Table: ActorDirector

+-------------+---------+
| Column Name | Type    |
+-------------+---------+
| actor_id    | int     |
| director_id | int     |
| timestamp   | int     |
+-------------+---------+
timestamp is the primary key column for this table.

Write a SQL query for a report that provides the pairs (actor_id, director_id) where the actor has cooperated with the director at least three times.
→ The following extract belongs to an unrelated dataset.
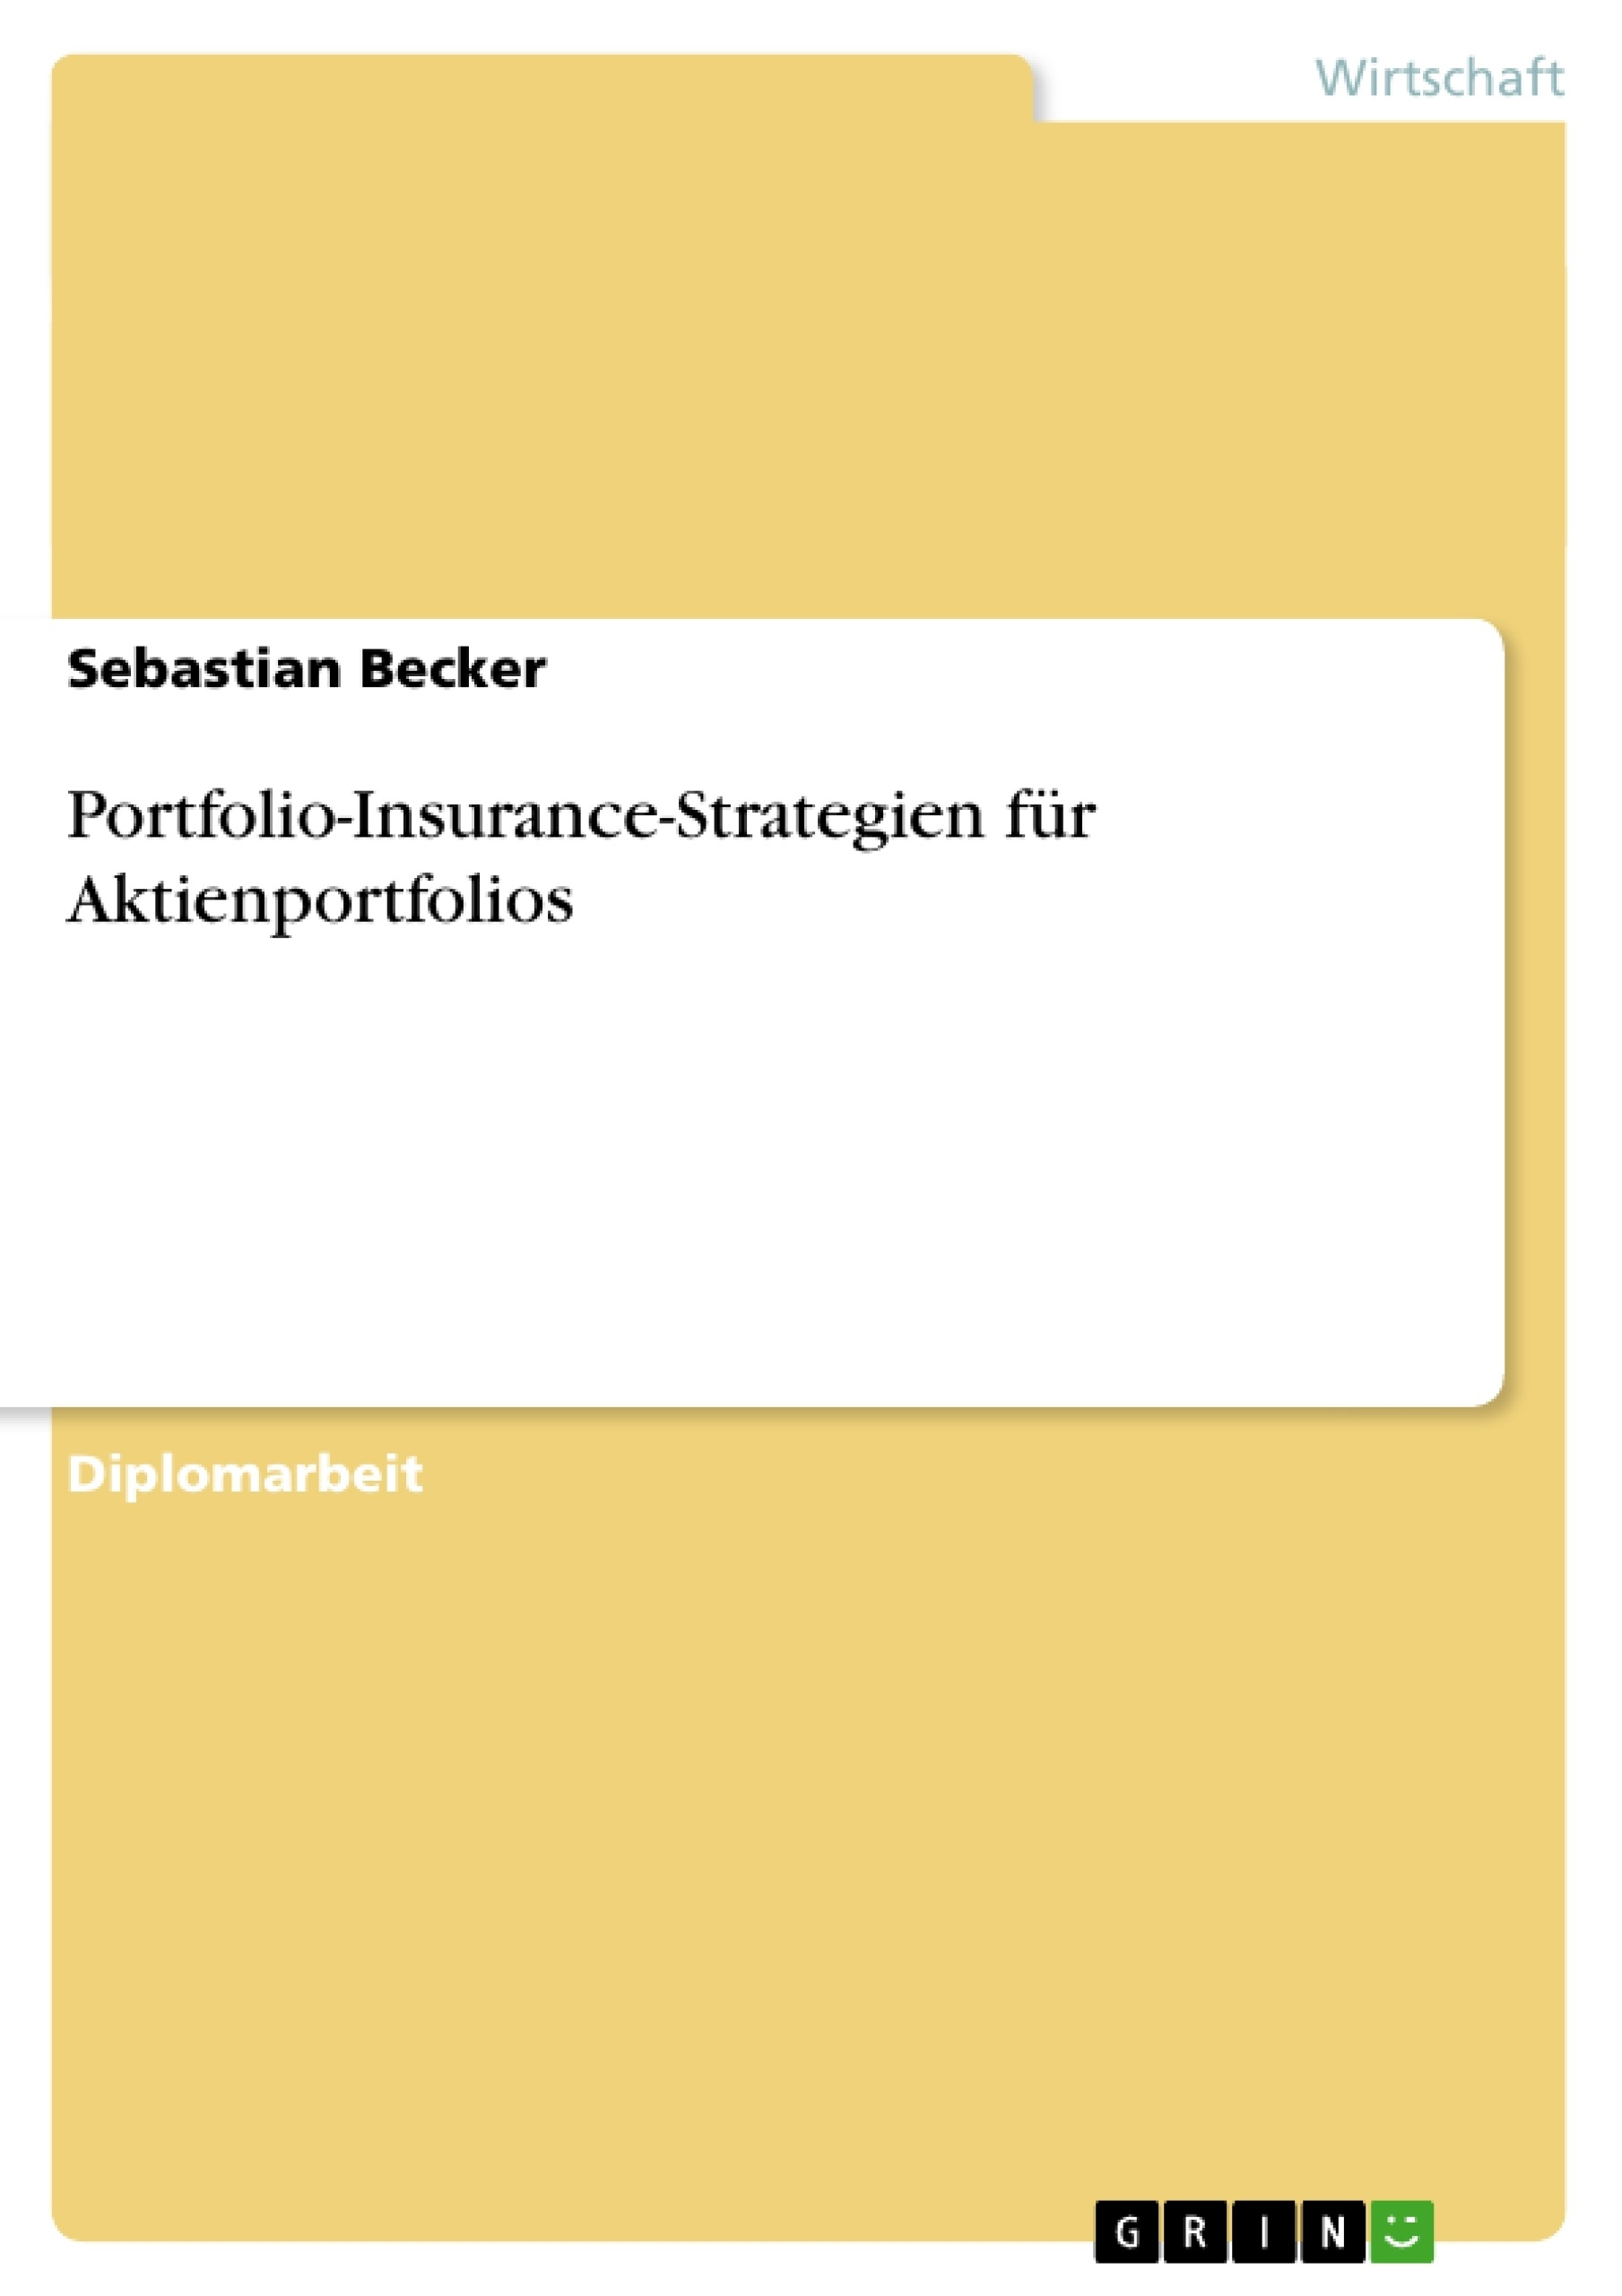 Titel: Portfolio-Insurance-Strategien für Aktienportfolios

Return the result table in any order.

Examples

Example 1:

Input:

ActorDirector table:

+-------------+-------------+-------------+
| actor_id    | director_id | timestamp   |
+-------------+-------------+-------------+
| 1           | 1           | 0           |
| 1           | 1           | 1           |
| 1           | 1           | 2           |
| 1           | 2           | 3           |
| 1           | 2           | 4           |
| 2           | 1           | 5           |
| 2           | 1           | 6           |
+-------------+-------------+-------------+

Output:

+-------------+-------------+
| actor_id    | director_id |
+-------------+-------------+
| 1           | 1           |
+-------------+-------------+

Explanation: The only pair is (1, 1) where they cooperated exactly 3 times.

Solution

Method 1 - Using Group by

Code

SQL

Using count(1):

SELECT actor_id, director_id
FROM ActorDirector
GROUP BY actor_id, director_id
HAVING COUNT(1) >= 3;

Using count(timestamp):

SELECT actor_id, director_id
FROM ActorDirector
GROUP BY actor_id, director_id
HAVING COUNT(timestamp) >= 3;

Using sum:

SELECT actor_id, director_id
FROM ActorDirector
GROUP BY actor_id, director_id
HAVING SUM(1) >= 3;
Pandas
import pandas as pd

def actors_and_directors(actor_director: pd.DataFrame) -> pd.DataFrame:
	stats = actor_director.groupby(['actor_id', 'director_id']).size().reset_index(name='cooperation_count')
	filtered_pairs = stats[stats['cooperation_count'] >= 3]
    return filtered_pairs[['actor_id', 'director_id']]

Method 2 - Using Window Function and CTE 🏆

Code

Sql
WITH WorkRank AS (
SELECT actor_id,director_id
,ROW_NUMBER()OVER(PARTITION BY actor_id,director_id ORDER BY timestamp) AS RN
FROM ActorDirector
    )
    SELECT DISTINCT actor_id,director_id
    FROM WorkRank WHERE RN >=3